Assigned task: Pictures are to be dropped. Everything else in the listing gets copied exactly.

Data shown:

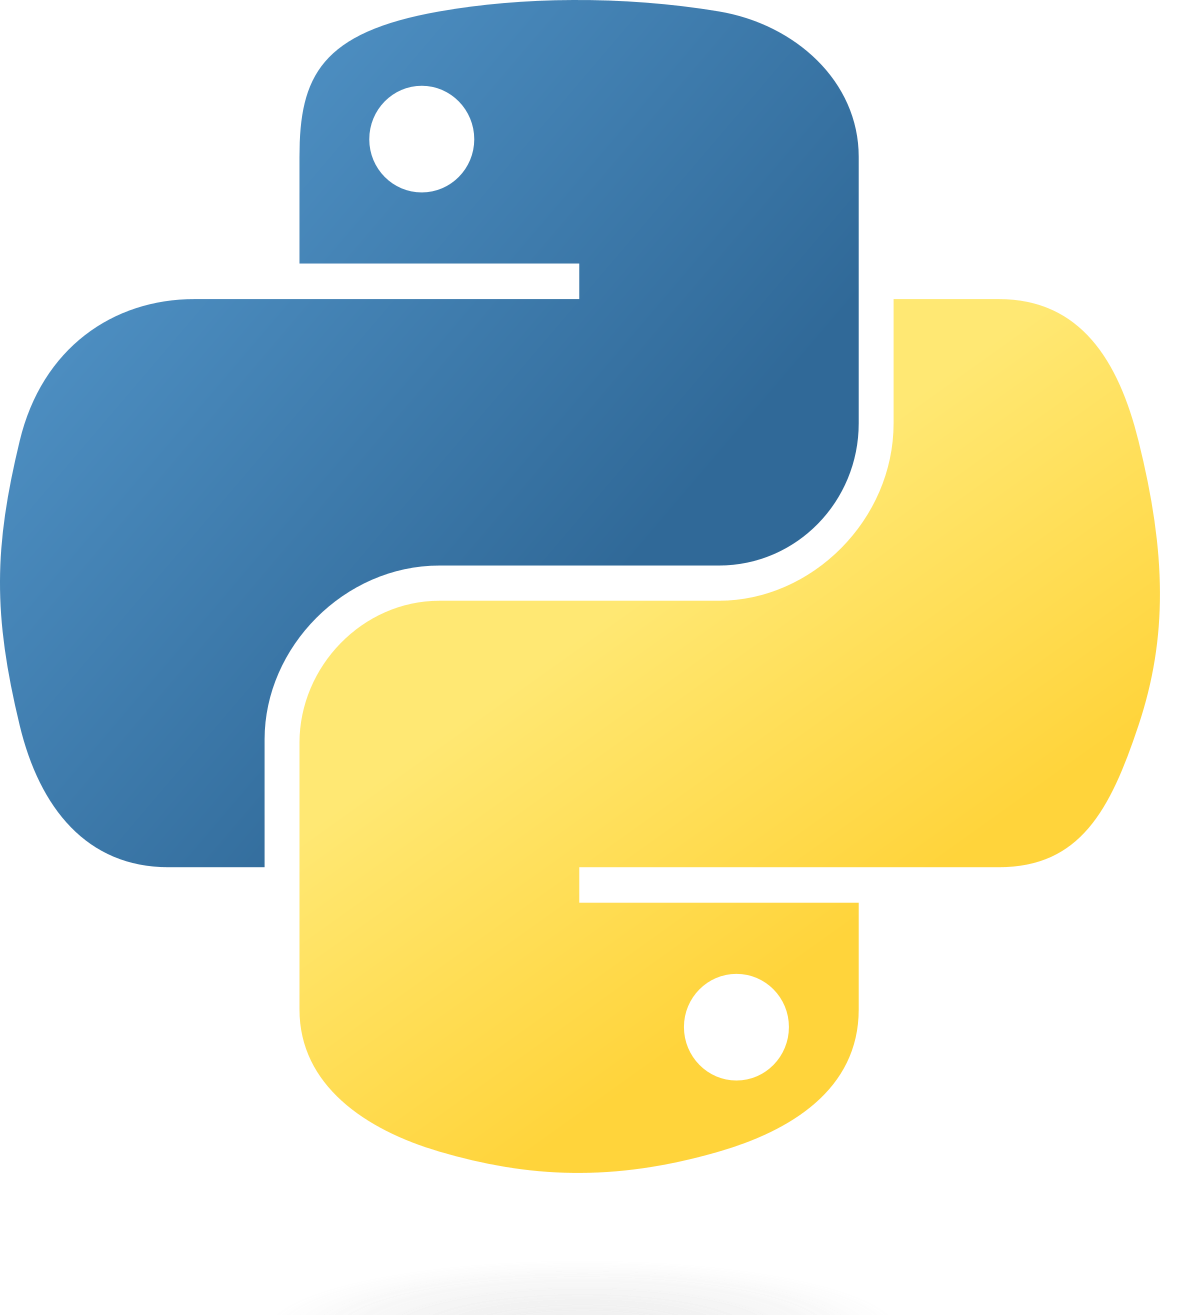 Python (programming language) - UmGeeks 
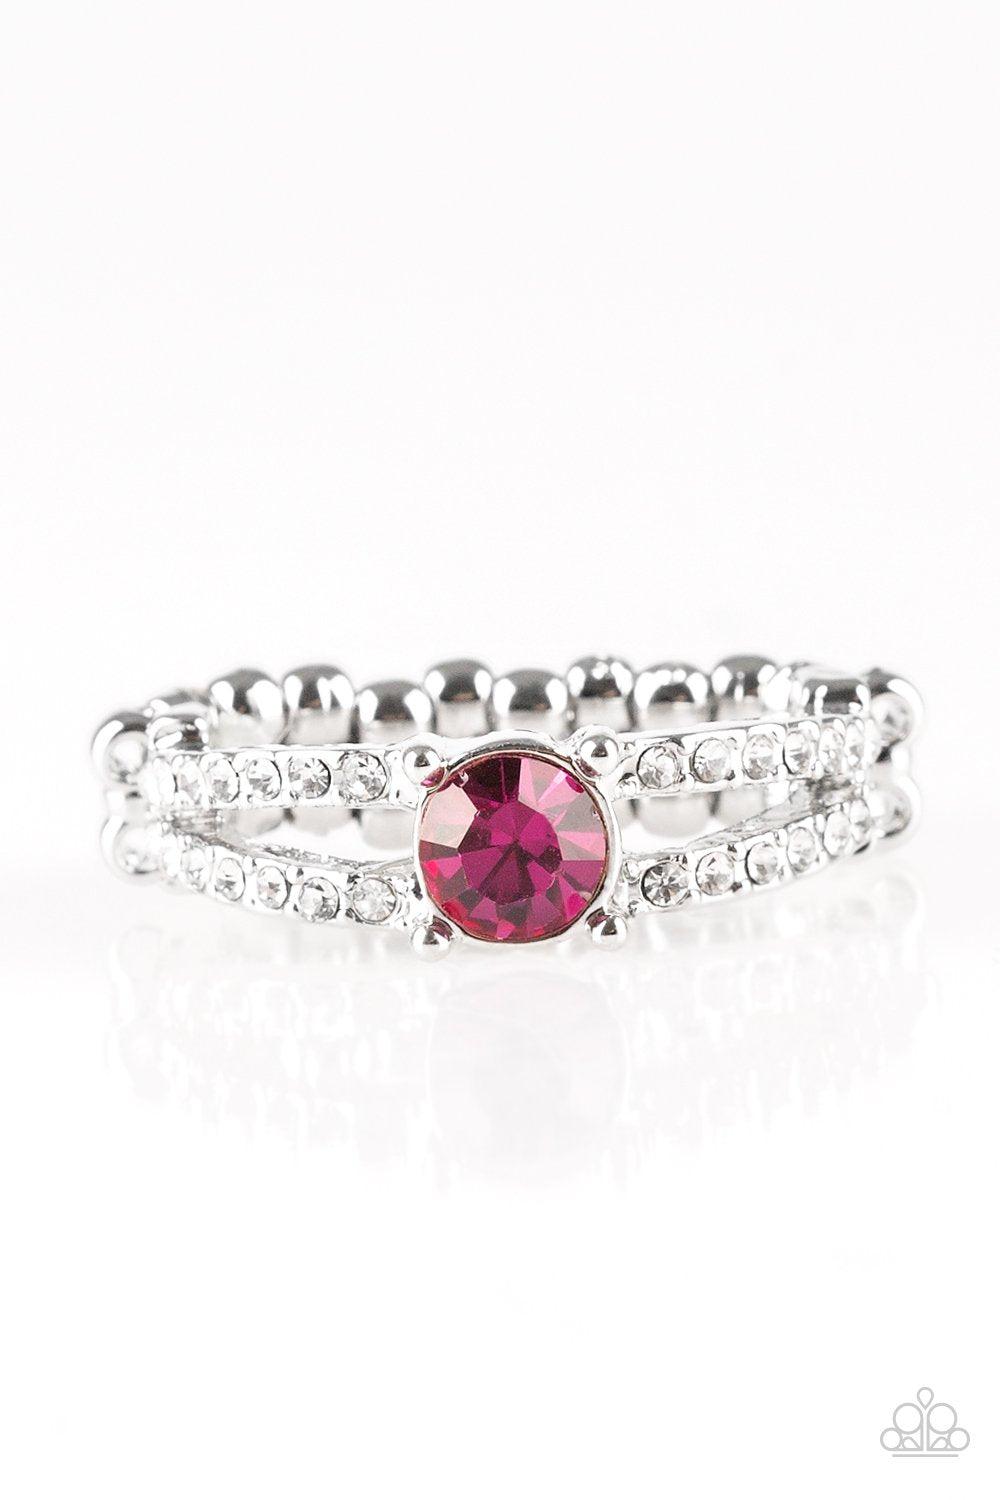 Dream Sparkle Pink Rhinestone Ring - Paparazzi Accessories- lightbox - CarasShop.com - $5 Jewelry by Cara Jewels
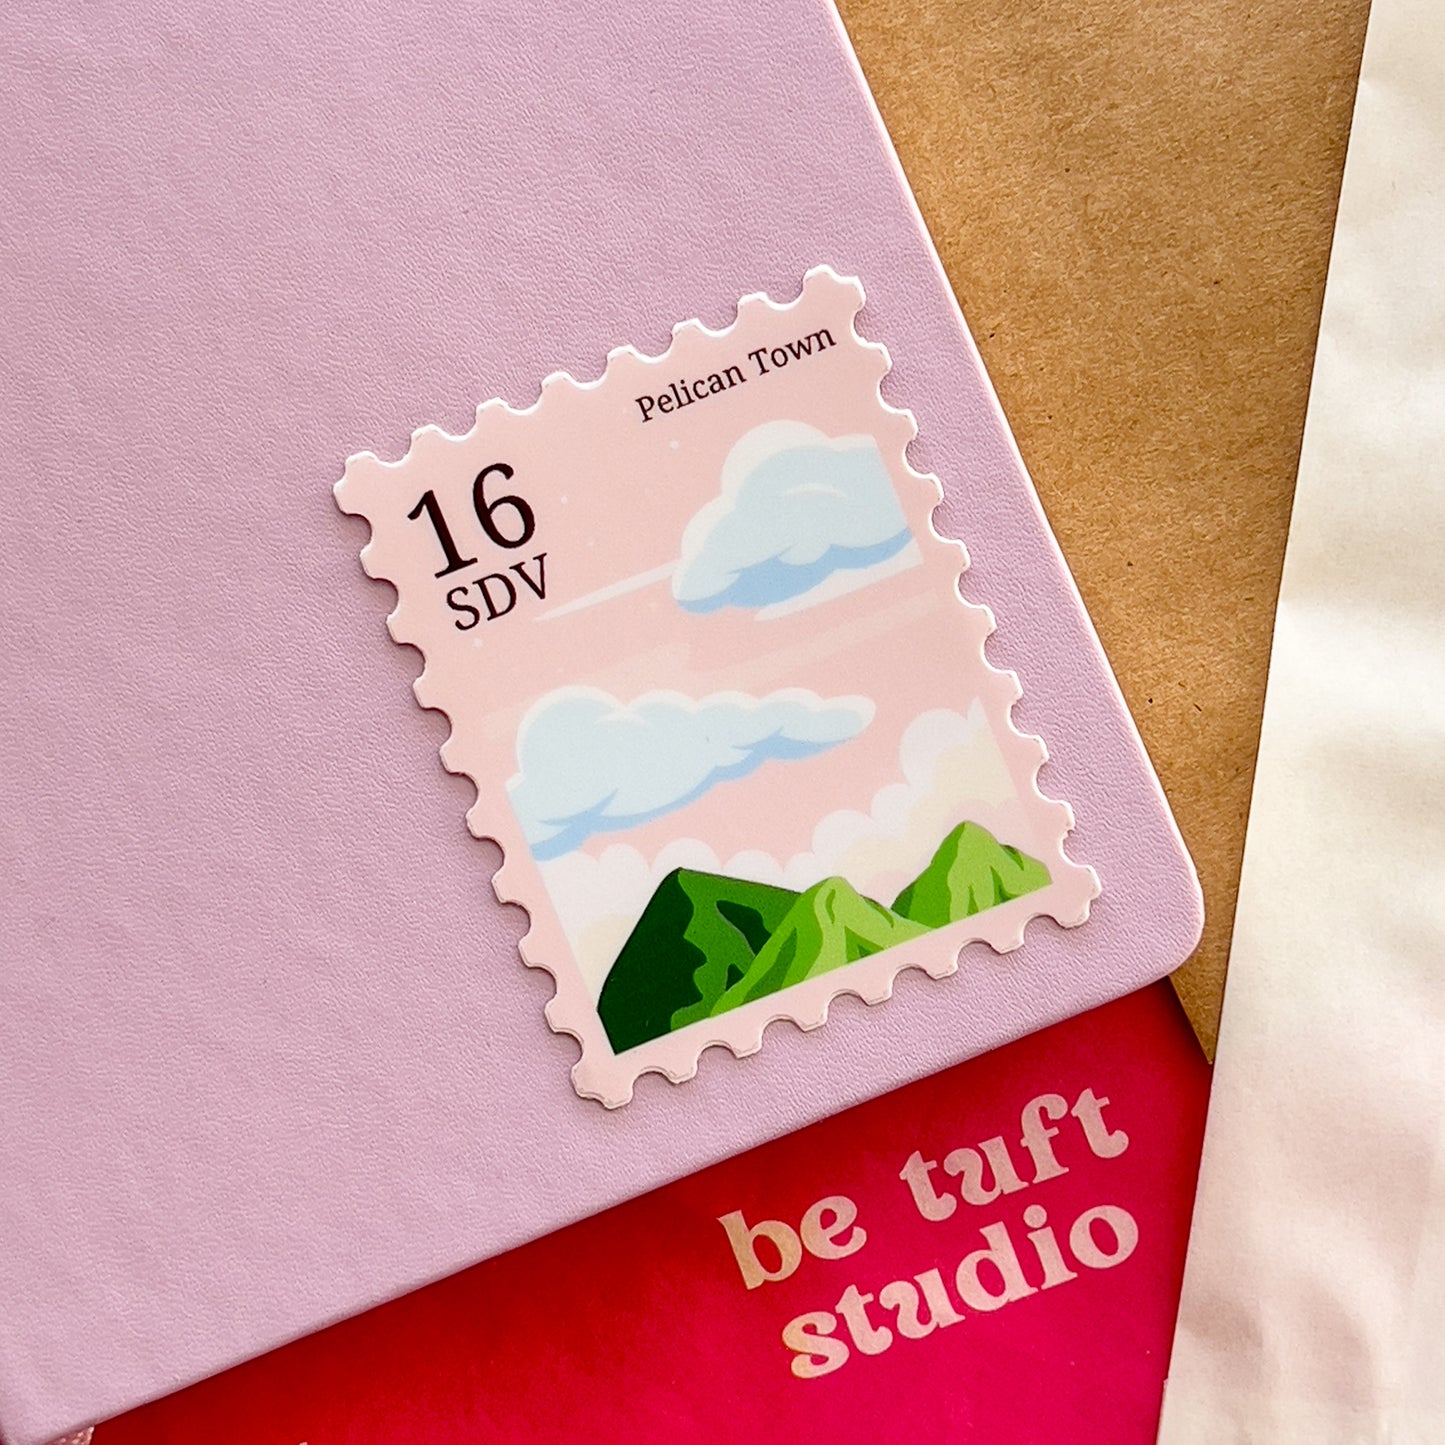 Pelican Town Pink Skies Stamp Sticker

Written response:
 Python (programming language) - UmGeeks 
 Dream Sparkle Pink Rhinestone Ring - Paparazzi Accessories- lightbox - CarasShop.com - $5 Jewelry by Cara Jewels
 Pelican Town Pink Skies Stamp Sticker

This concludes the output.